Return of the Century Bond

Aug 02, 2019

 

Return of the Century Bond

After the 100-year bond for Oxford University, J.P. Morgan leads another century sale, this time for the Austrian government.

August 2, 2019

J.P. Morgan has led the sale of a 100-year bond for Austria as yields across the globe drop to record lows.

The firm acted as bookrunner on the sale of the so-called “century bond” alongside a new five-year note.

It is the second time in two years that Austria has tapped the market for ultra-long-term debt, looking to take advantage of low interest rates. The country first issued a 100-year bond in 2017, raising €3.5 billion and paying investors a coupon of 2.1%.

For this €1.25 billion re-offer, the yield has fallen to 1.17%, while the five-year note priced at -0.43% – the first-ever publicly syndicated sale to price below the European Central Bank’s deposit rate, which currently stands at -0.40%.
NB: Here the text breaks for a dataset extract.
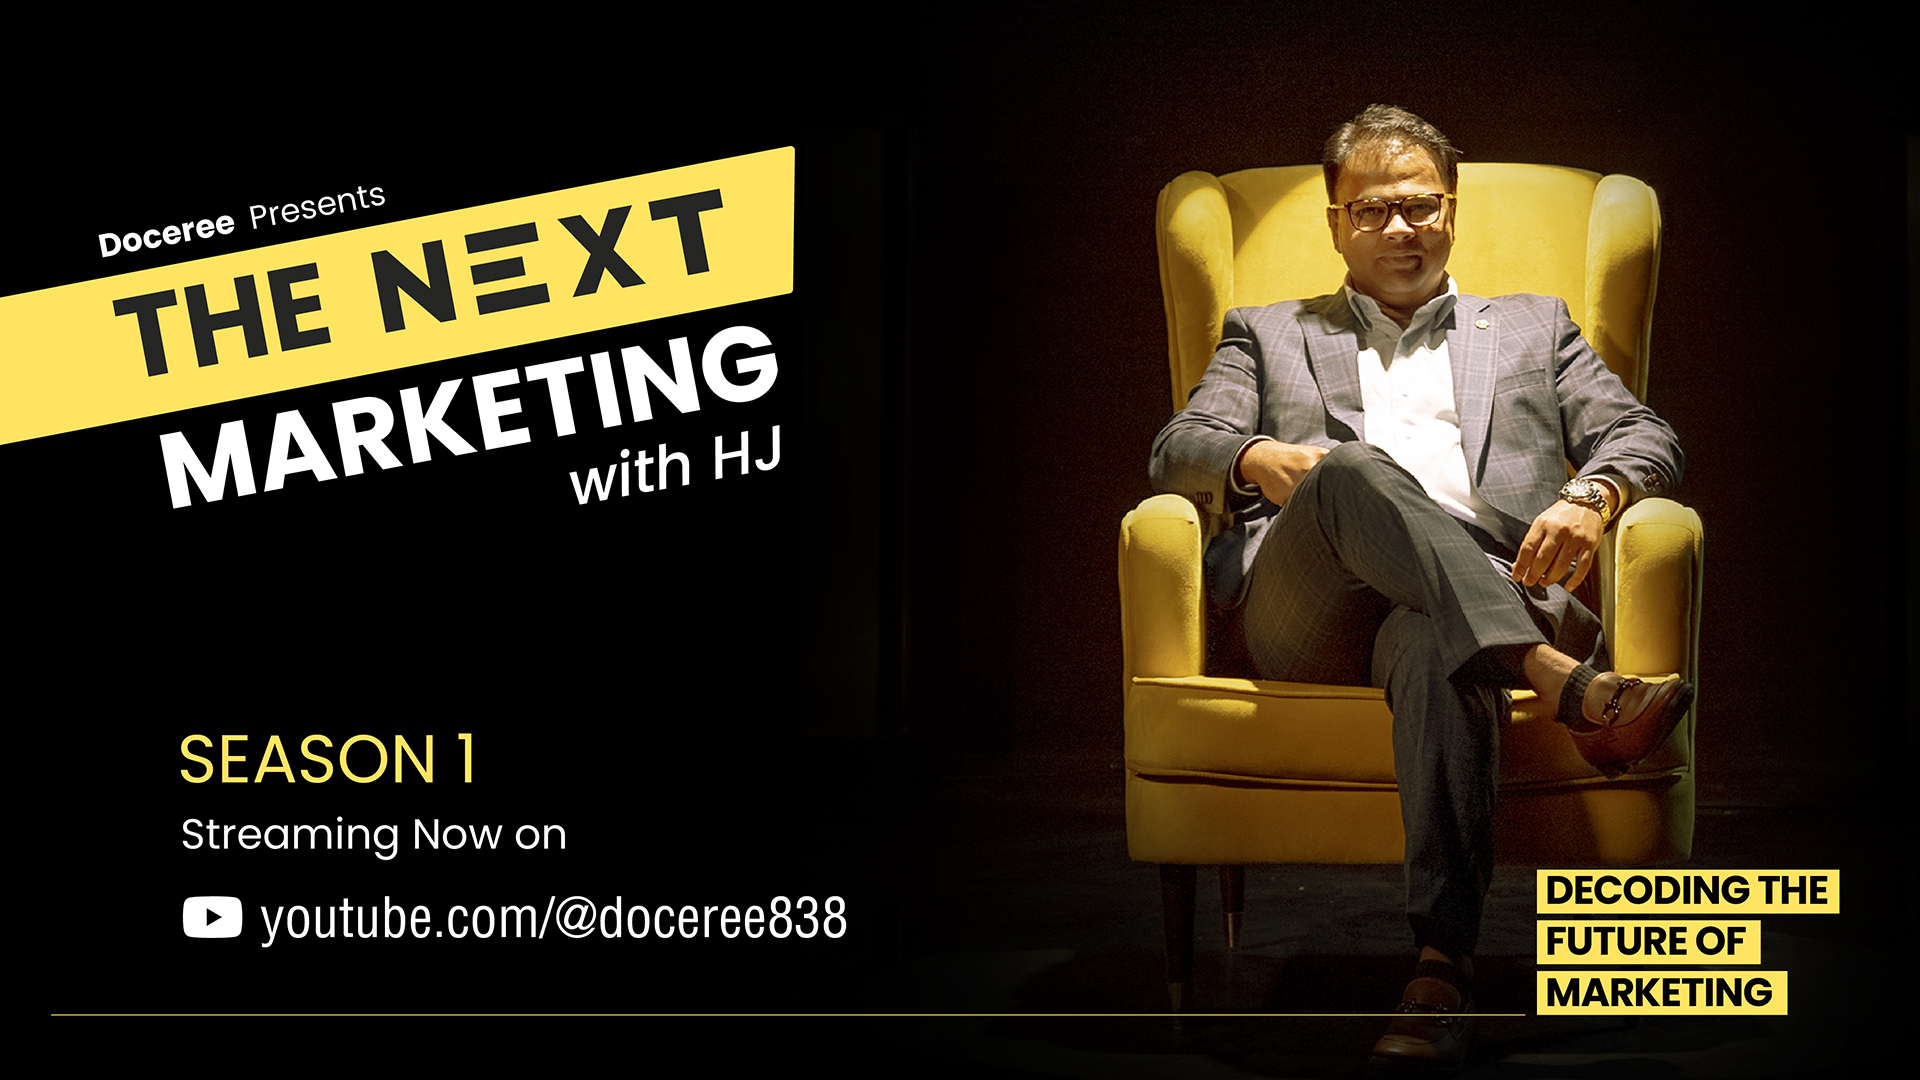 Doceree collaborates with global marketing experts in an industry-first talk show ‘The Next Marketing with HJ’

Century bonds are a relatively rare market phenomenon although countries including Argentina and Mexico and companies such as Walt Disney and Coca-Cola have issued 100-year notes in the past. In 2017, J.P. Morgan helped Oxford University enter the capital markets for the first time in its 800-year history with the sale of a $1 billion century bond.

Long-dated debt is attractive to institutional investors like pension funds looking for investments to match long-term liabilities and also hedge funds seeking to make gains through currency or interest rate swap trades (see box).

There was strong demand for the sale, according to Ioannis Rallis, head of the European Supranational, Sovereign and Agency DCM team. It reflects Austria’s AA+ credit rating, the historic low rate environment and lack of alternatives for investors, he said

​Why hedge funds like century bonds

Century bonds are often of great interest to the hedge fund community because of the so-called “high convexity” of the securities. “The convexity of a bond is a measure of the curvature, or degree of the curve, in the relationship between bond prices and bond yields. It shows how the duration of a bond changes as interest rates change,” explained Ioannis Rallis of the SSA team. “With a high convexity bond, the price falls less if yields go up than it increases when yields go down. That asymmetry is very interesting for some investors who can use it as a hedge if interest rates, as some expect, have further to fall.”

“The broader message, however, is one of concern about long-term rates in the eurozone. A lot of investors are frustrated with the investment landscape and don’t have many alternatives in the current environment. No one in the real-money community likes to invest money at 1% for 100 years. But if you’re a government bond investor and 30-year German Bunds yield 0.25% then it becomes an interesting proposition.”

Ioannis Rallis head of the European Supranational, Sovereign and Agency DCM team J.P. Morgan A lot of investors are frustrated with the investment landscape and don’t have many alternatives in the current environment.

Trade tensions and wider political uncertainty in the region are among the factors that have led to the declining euro rate. “There is concern about the expected impact of trade tensions on the euro area economy which has a lot of export-driven countries including Austria. That is certainly there in the background as a driver of low interest rates,” said Rallis.

J.P. Morgan has been one of the top five dealers for Austrian government debt for the last three years, having led a 10-year note in 2018, another 10-year mandate earlier in 2019 as well as the latest sale.